본 명세서에 개시된 개념은 서브 파장 특징을 이미징하기 위하여 임의의 일반적인 이미징 시스템을 시뮬레이션하거나 수학적으로 모델링할 수 있으며, 점점 더 짧은 파장을 생성할 수 있는 새로운 이미징 기술에 특히 유용할 수 있다. 이미 사용되고 있는 새로운 기술은 EUV(극자외선), ArF 레이저를 이용하여 193㎚ 파장을 생성할 수 있는 DUV 리소그래피, 및 불소 레이저를 사용하여 157㎚ 파장까지도 사용할 수 있다. 또한, EUV 리소그래피는 20 내지 5㎚ 범위 내에서 광자를 생성하기 위하여 싱크로트론을 사용함으로써 또는 고에너지 전자로 물질(고체 또는 플라즈마)을 타격함으로써 상기 범위의 파장을 생성할 수 있다.The concepts disclosed herein can be used to simulate or mathematically model any conventional imaging system for imaging sub-wavelength features, and may be particularly useful for emerging imaging technologies capable of producing increasingly shorter wavelengths. Emerging technologies already in use include extreme ultraviolet (EUV) lithography, which can produce wavelengths of 193 nm using ArF lasers, and deep ultraviolet (DUV) lithography, which can use wavelengths up to 157 nm using fluorine lasers. EUV lithography can also produce wavelengths in this range by using synchrotrons to produce photons in the range of 20 to 5 nm, or by bombarding materials (solids or plasmas) with high energy electrons.

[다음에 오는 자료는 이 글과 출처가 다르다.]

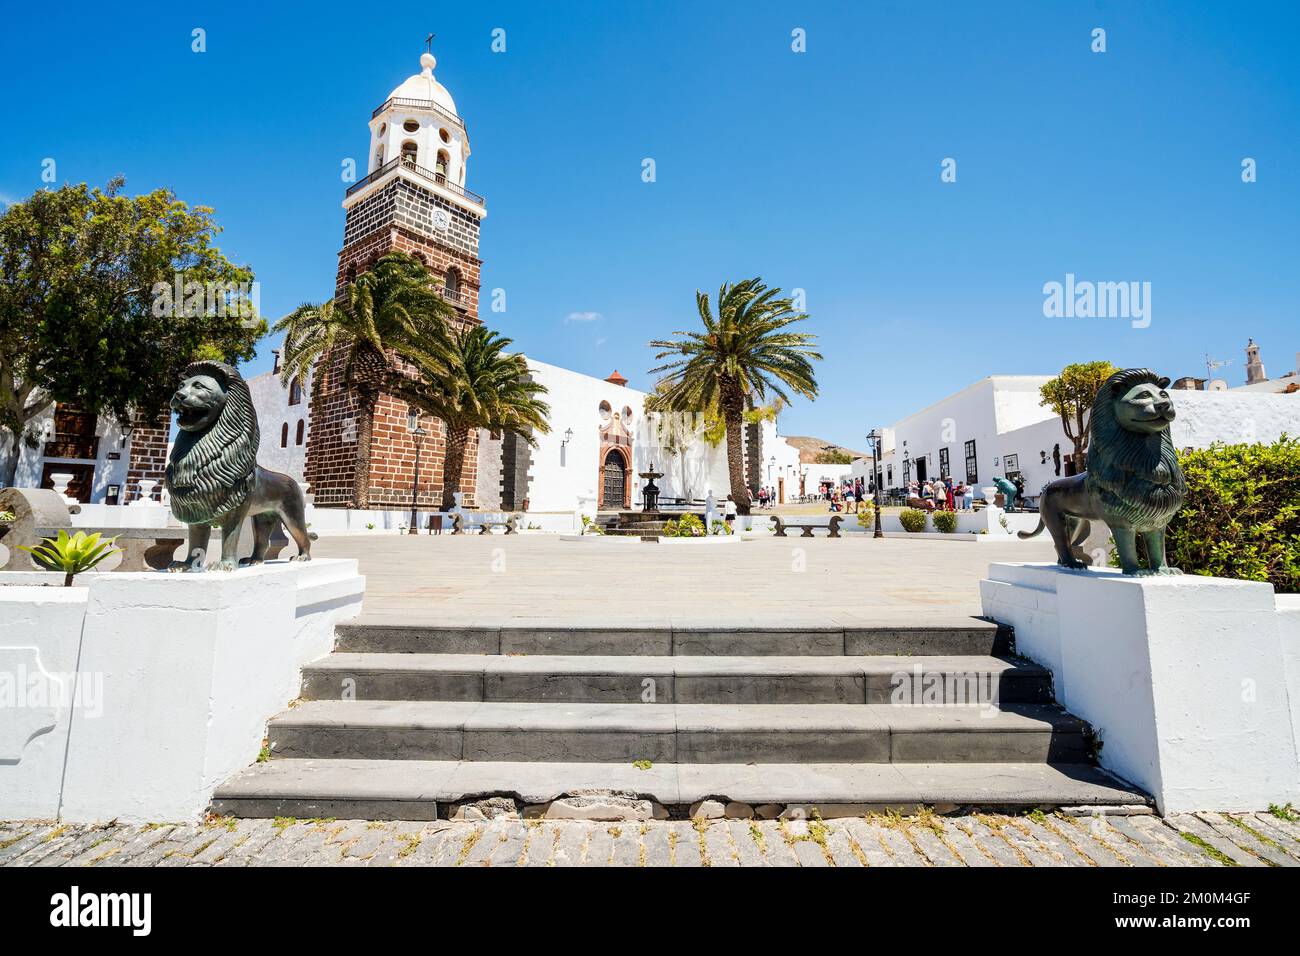 Vieille église de notre dame de Guadalupe - le principal monument historique de Teguise, Lanzarote, îles Canaries, Espagne Banque D'Images
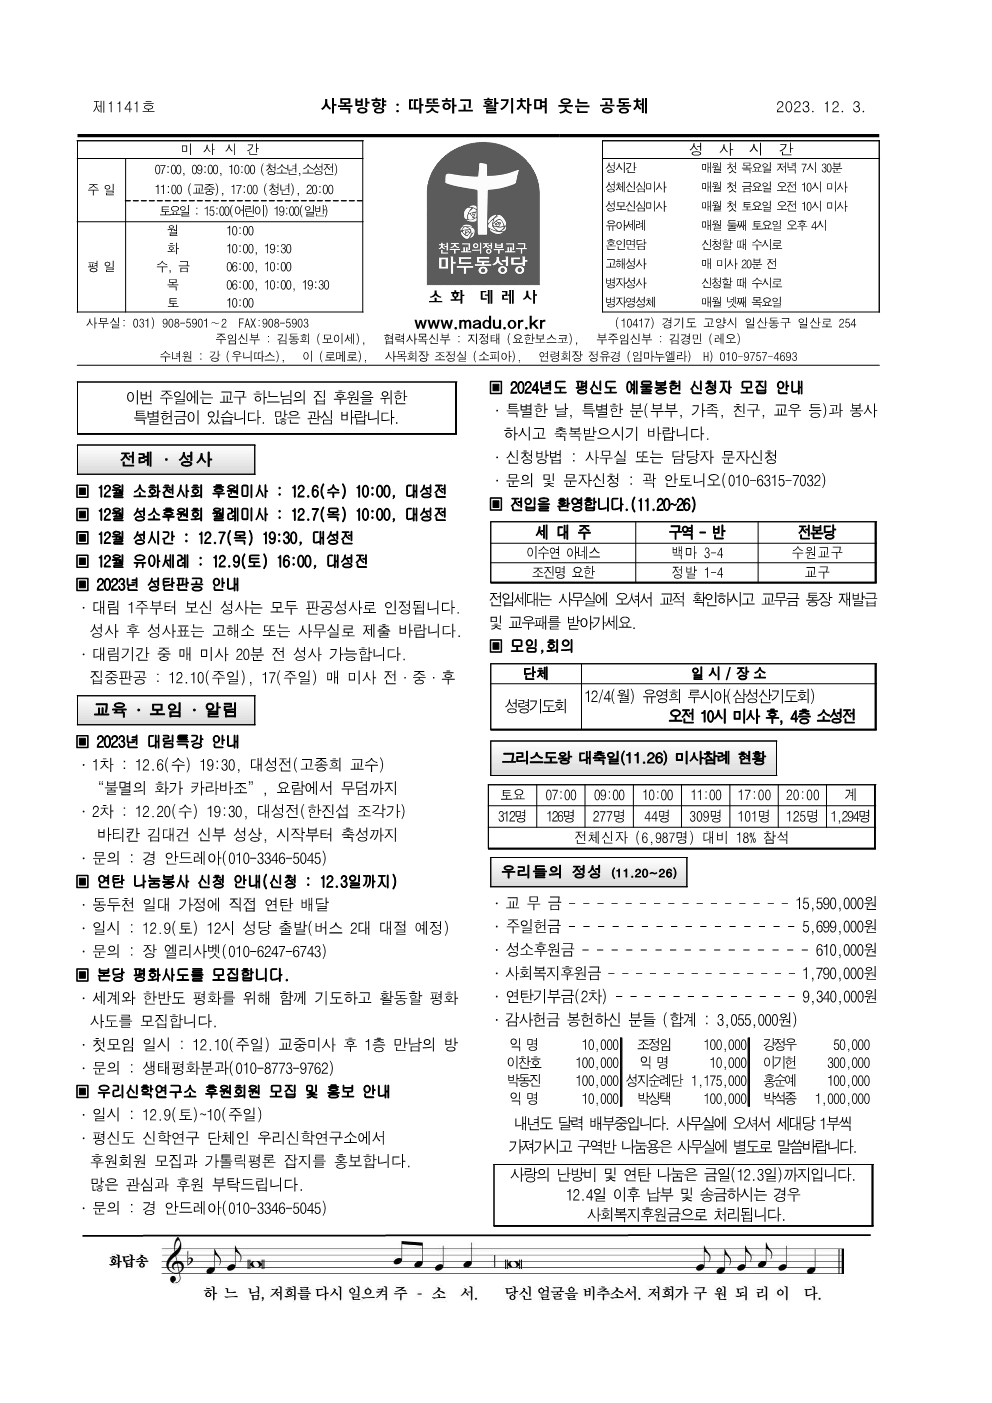 마두23-12-03주보 (2) (1)_1.png

본 명세서에 개시된 개념은 실리콘 웨이퍼와 같은 기판 상의 이미징을 위하여 사용될 수 있지만, 개시된 개념은 임의의 유형의 리소그래피 이미징 시스템, 예를 들어 실리콘 웨이퍼 이외의 기판 상의 이미징을 위하여 사용되는 시스템과 함께 사용될 수 있다는 점이 이해될 것이다. 또한, 개시된 요소들의 조합 및 서브-조합은 별도의 실시예를 포함할 수 있다. 예를 들어, 기계 학습 모델의 변동성을 결정하는 것은 모델에 의해 만들어진 개별 예측의 변동성 및/또는 모델에 의해 생성된 샘플링된 사후 분포의 세트의 변동성을 결정하는 것을 포함할 수 있다. 이 특징들은 별도의 실시예를 포함할 수 있으며 및/또는 이 특징들은 동일한 실시예에서 함께 사용될 수 있다.While the concepts disclosed herein may be used for imaging on substrates such as silicon wafers, it will be appreciated that the disclosed concepts may be used with any type of lithographic imaging system, for example, systems used for imaging on substrates other than silicon wafers. Furthermore, combinations and sub-combinations of the disclosed elements may comprise separate embodiments. For example, determining the variability of a machine learning model may comprise determining the variability of individual predictions made by the model and/or the variability of a set of sampled posterior distributions generated by the model. These features may comprise separate embodiments and/or the features may be used together in the same embodiment.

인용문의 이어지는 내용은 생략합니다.